Эта проблема:
Клиентские компьютеры в локальной сети отправляют эхо-запрос на remote.mydomain.com, и он преобразуется в наш статический IP-адрес в глобальной сети. Он должен разрешить локальный IP-адрес нашего сервера.
Детали: Всего у нас есть один сервер, на котором работает SBS 2008 на довольно быстром оборудовании (при необходимости могу описать). Я ввел некоторые записи локальной DNS-зоны A, чтобы пользователи могли беспрепятственно использовать Outlook Web Access независимо от того, находятся они в локальной сети или за ее пределами. Эти записи DNS включают remote.mydomain.com и outlook.mydomain.com. Два домена не нужны, но пользователям легче запомнить последний при доступе к OWA.
Я также настроил наш DHCP-сервер SBS 2008 так, чтобы клиентские компьютеры получали три IP-адреса DNS-сервера следующим образом:
192.168.1.10 (our SBS server)
208.67.222.222 (OpenDNS)
208.67.220.200 (OpenDNS)
Причина, по которой я настроил его таким образом, заключается в том, что клиенты все равно будут иметь доступ к Интернету в том редком случае, когда наш сервер не работает.
Я думаю, проблема в том, что SBS 2008 недостаточно быстро отвечает на запросы DNS, поэтому клиенты вместо этого отправляют запрос OpenDNS, который возвращает правильный адрес, только если они находятся вне локальной сети.
К вашему сведению, мы используем маршрутизатор SonicWall TZ-210.
Я ищу любые предложения о том, как я могу гарантировать, что клиентские компьютеры в локальной сети могут получить доступ к OWA в нашей локальной сети, не отключая «резервные» адреса DNS-серверов, которые я настроил через DHCP.
Адреса «резервных» DNS-серверов не являются хорошей идеей и являются корнем вашей проблемы.
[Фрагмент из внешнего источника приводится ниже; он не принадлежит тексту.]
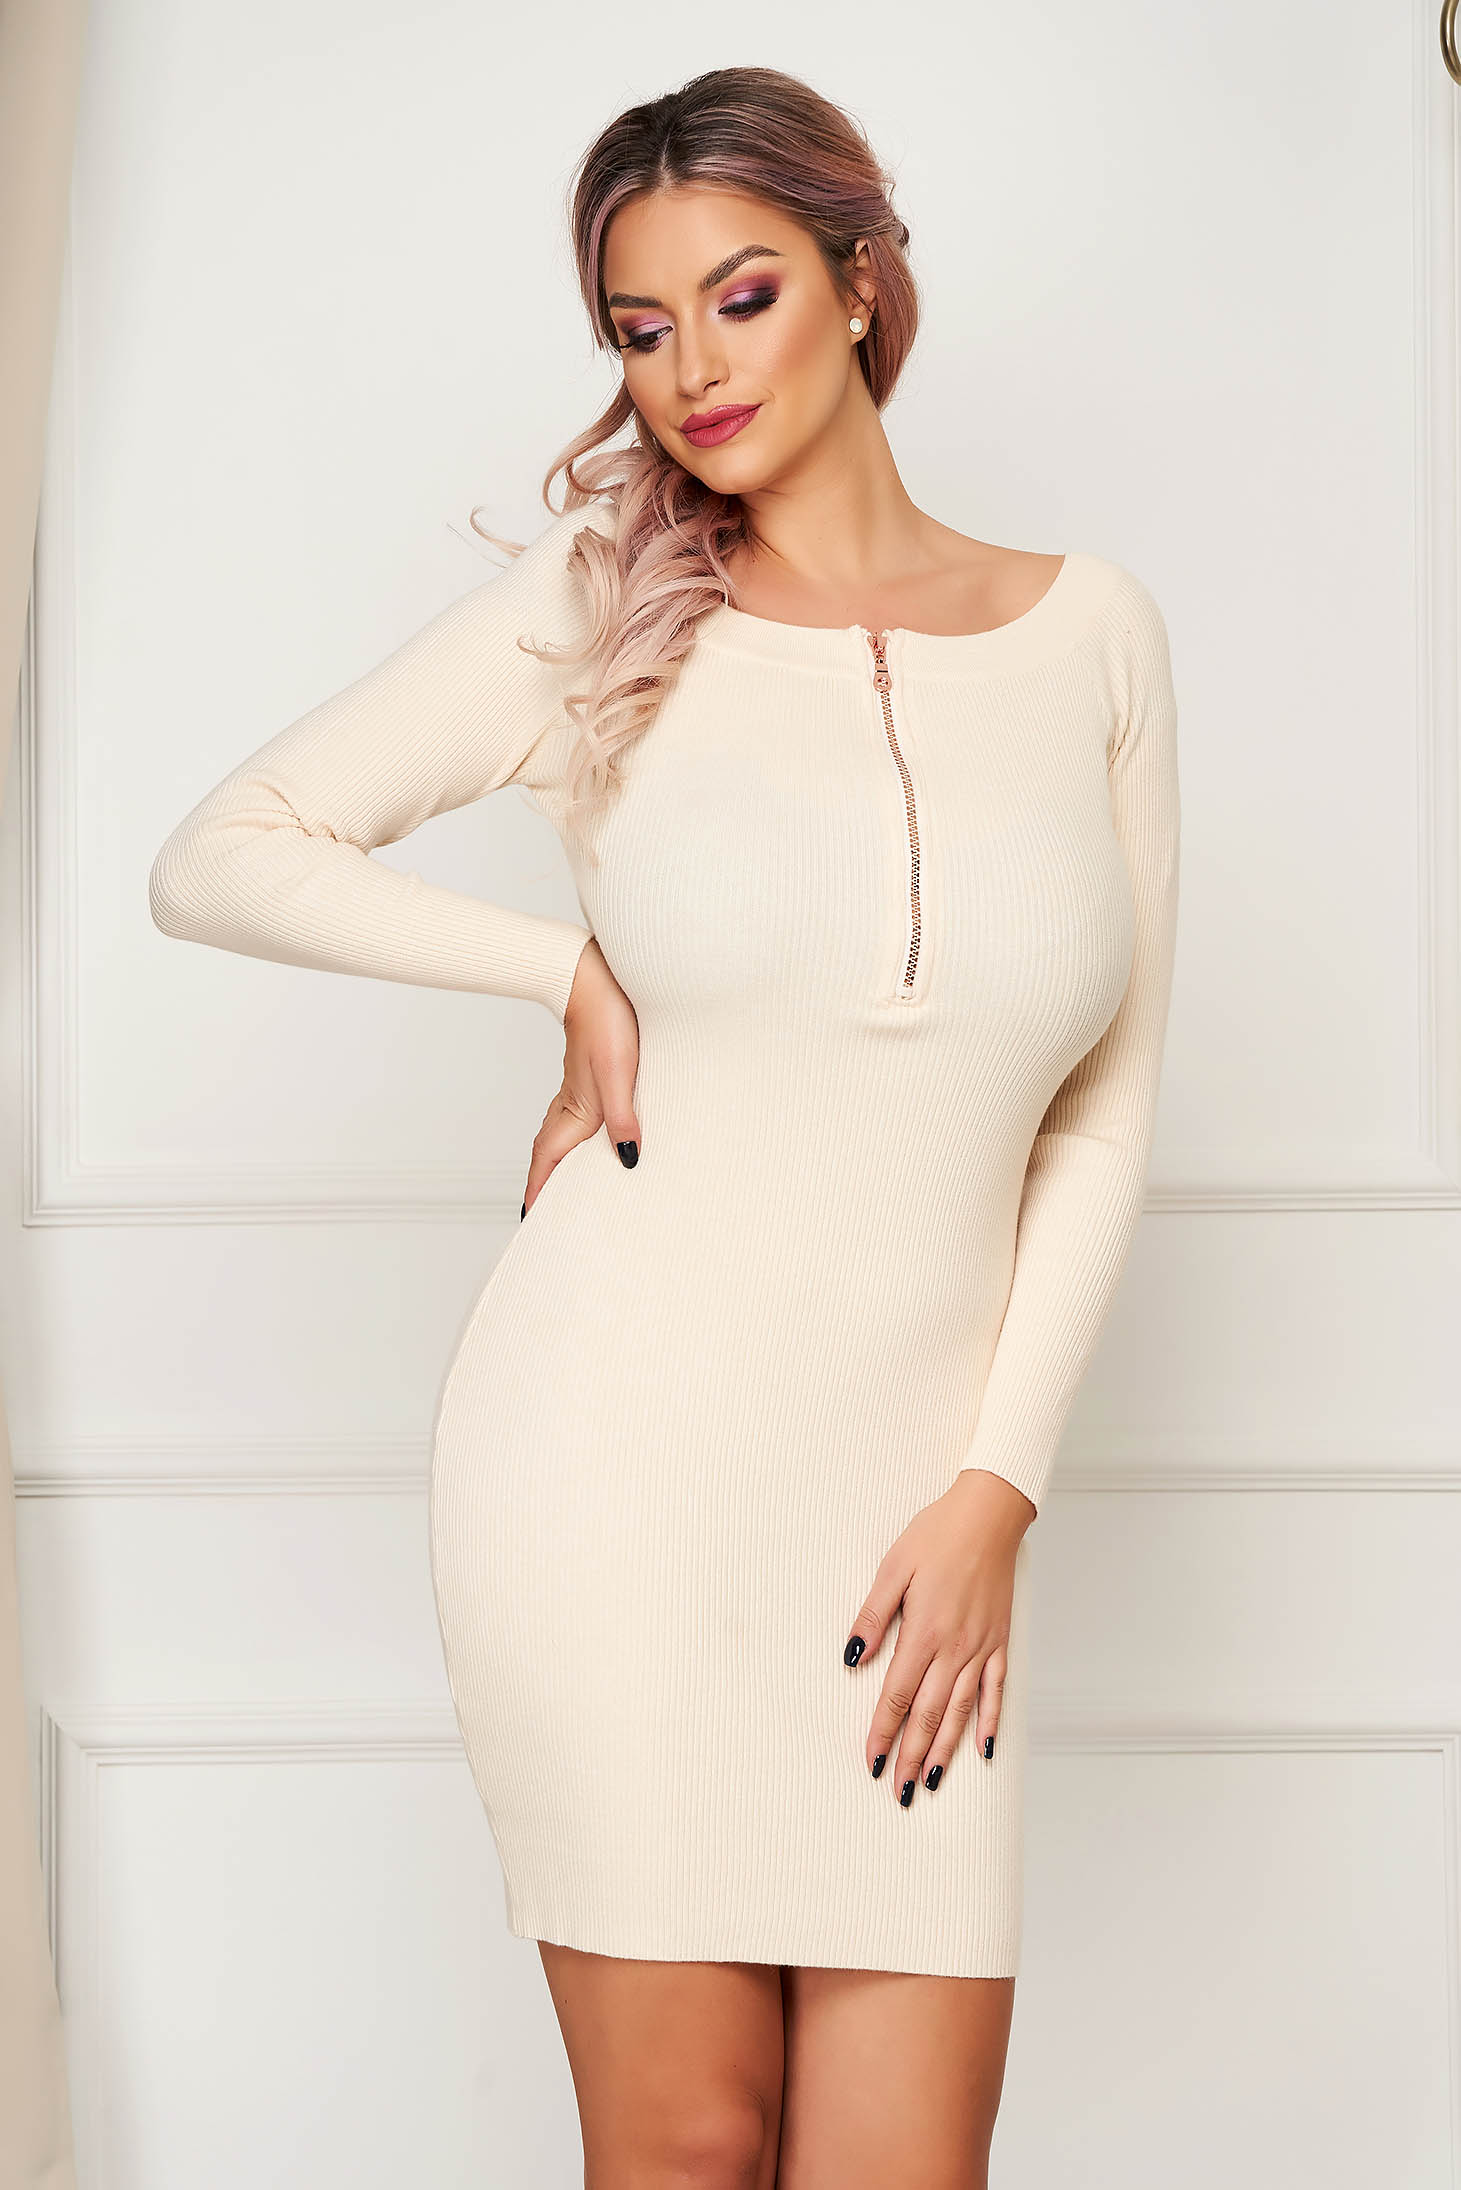 Cream dress short cut daily pencil knitted zipper accessory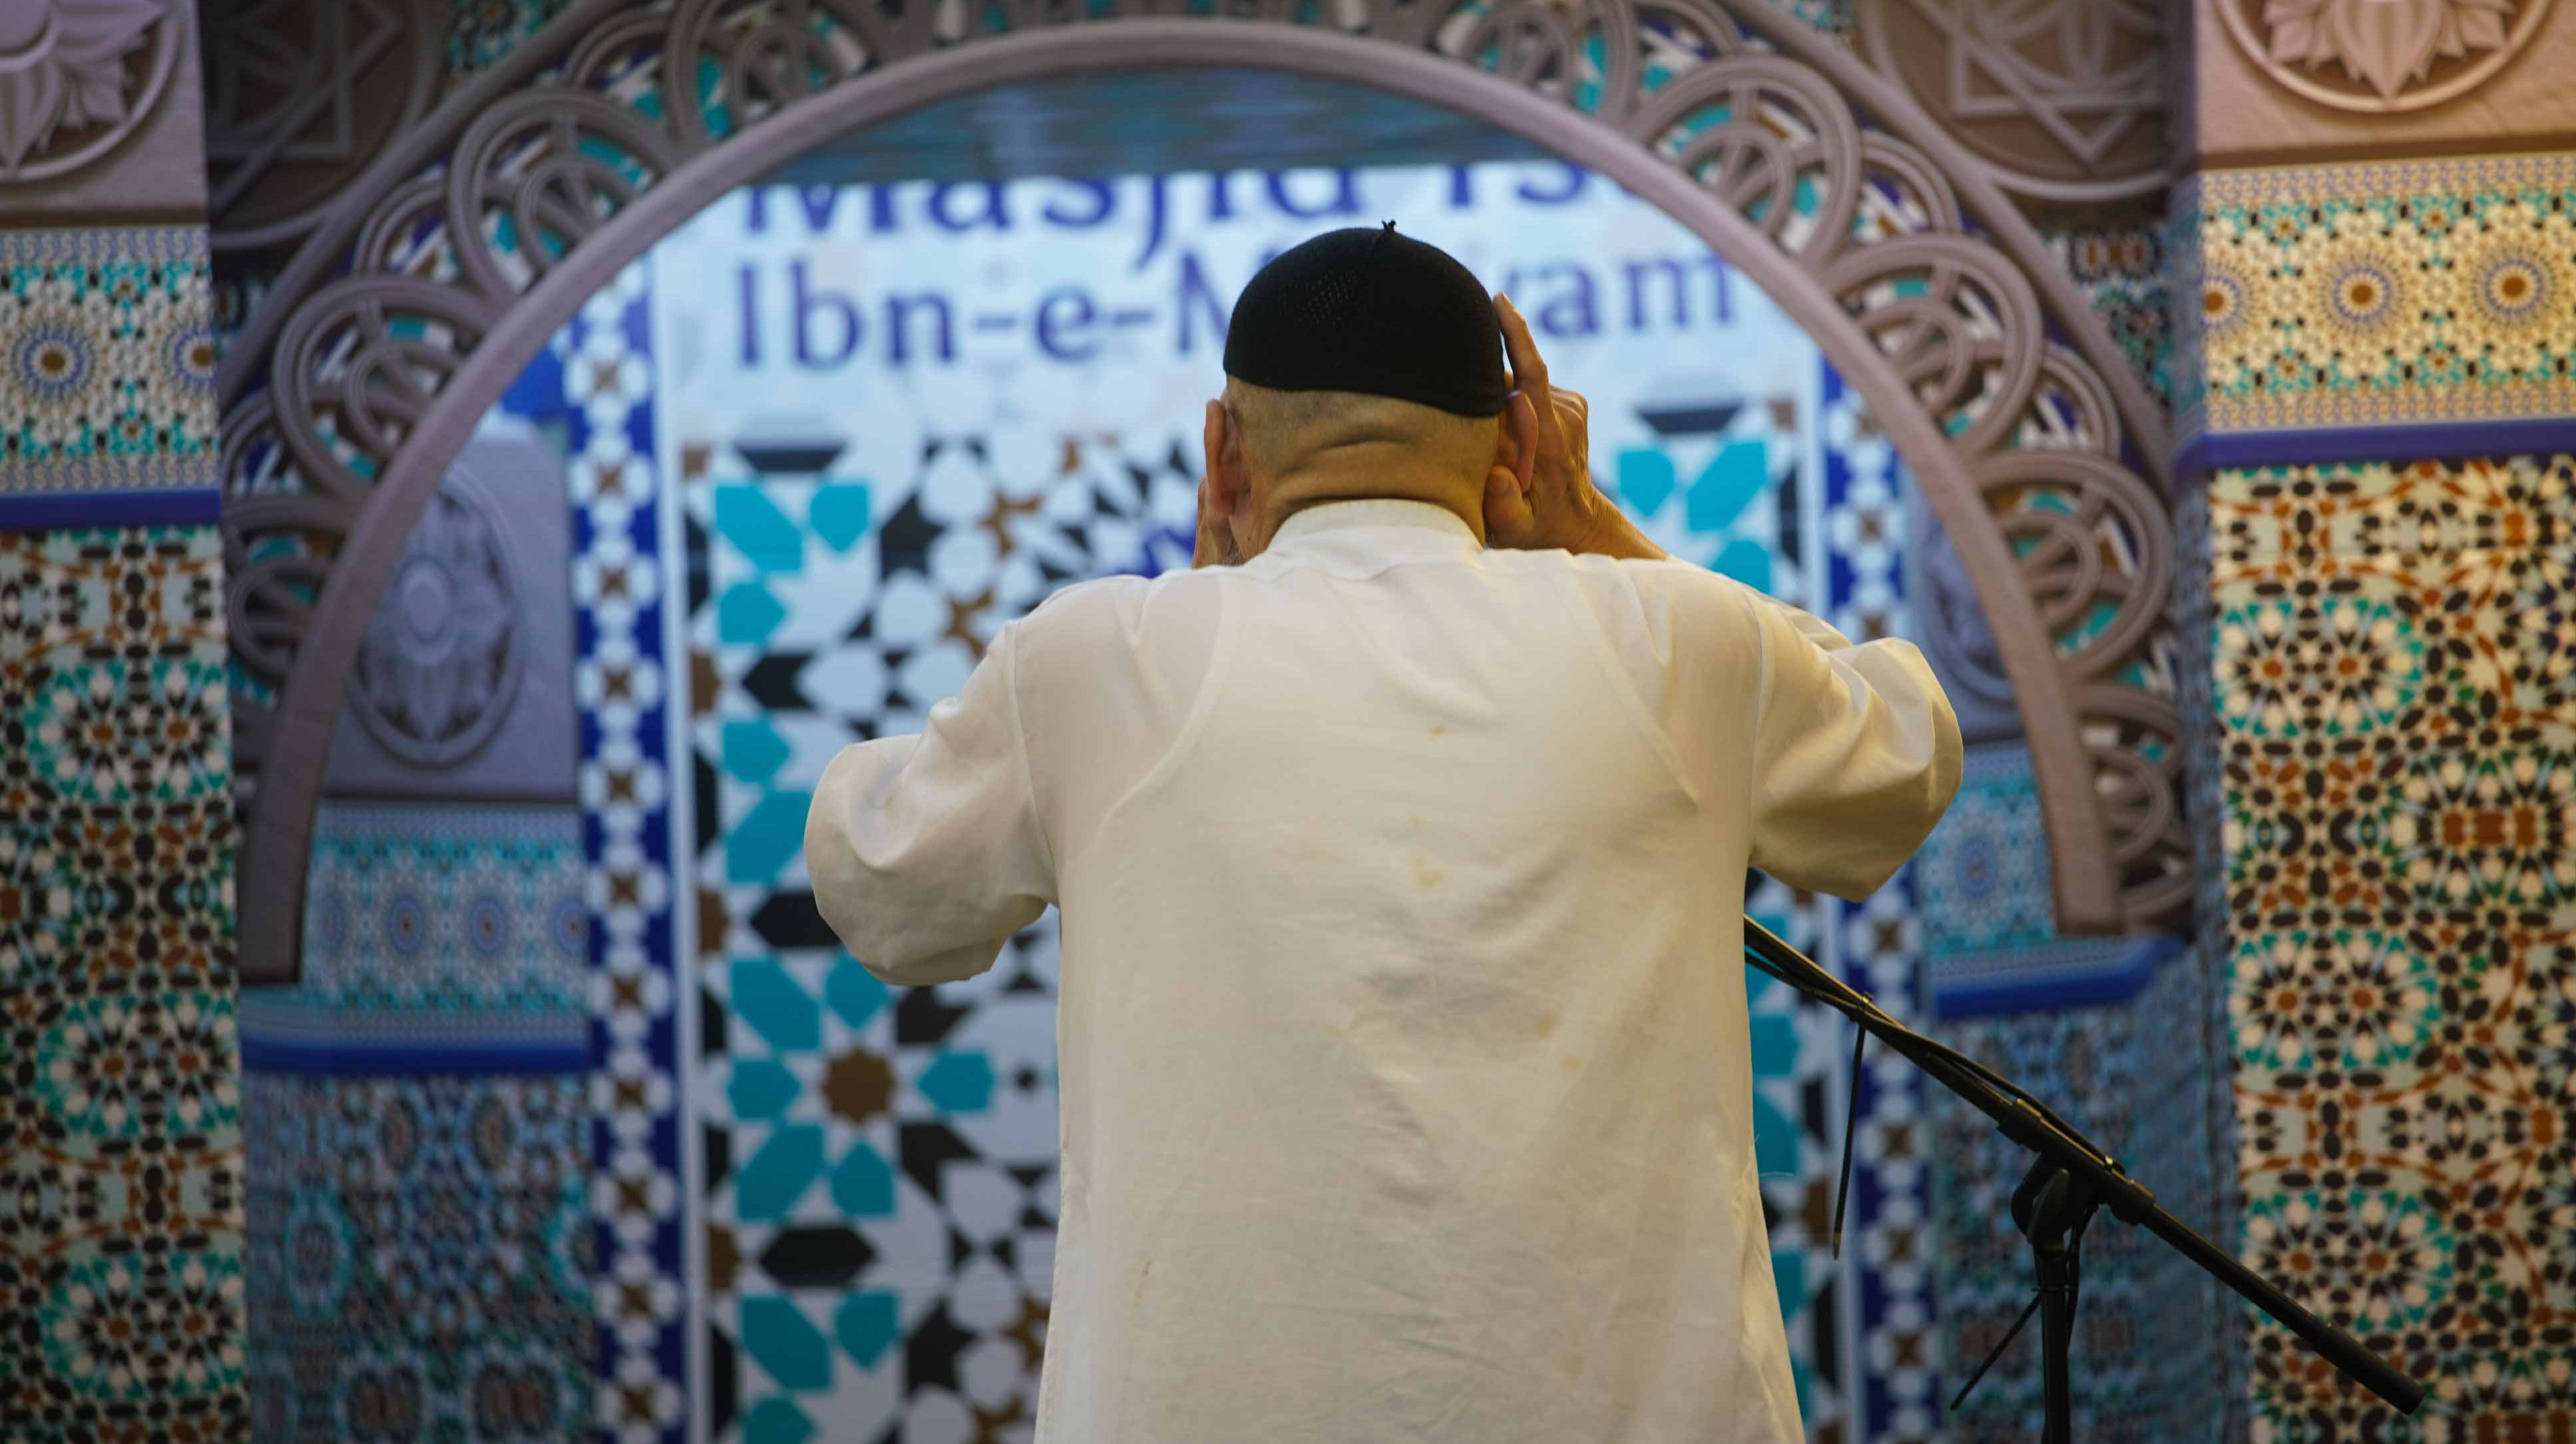 Masjid New Zealand Pinterest: Local Mosque Commemorates New Zealand Shooting Victims

Вы можете играть в игры с брандмауэром с фильтрацией пакетов, чтобы попытаться «обойти», но вам лучше использовать только контроллер домена в качестве DNS-сервера для ваших клиентов.
В общем, вы никогда не должны указывать DNS-серверы на клиентах Active Directory, которые не могут разрешать DNS-записи домена AD. Вы получите недетерминированную производительность входов в систему, групповой политики и / или корней DFS домена в случаях с такой конфигурацией. Клиенты в значительной степени полагаются на DNS для принятия «правильных решений» при работе с Active Directory.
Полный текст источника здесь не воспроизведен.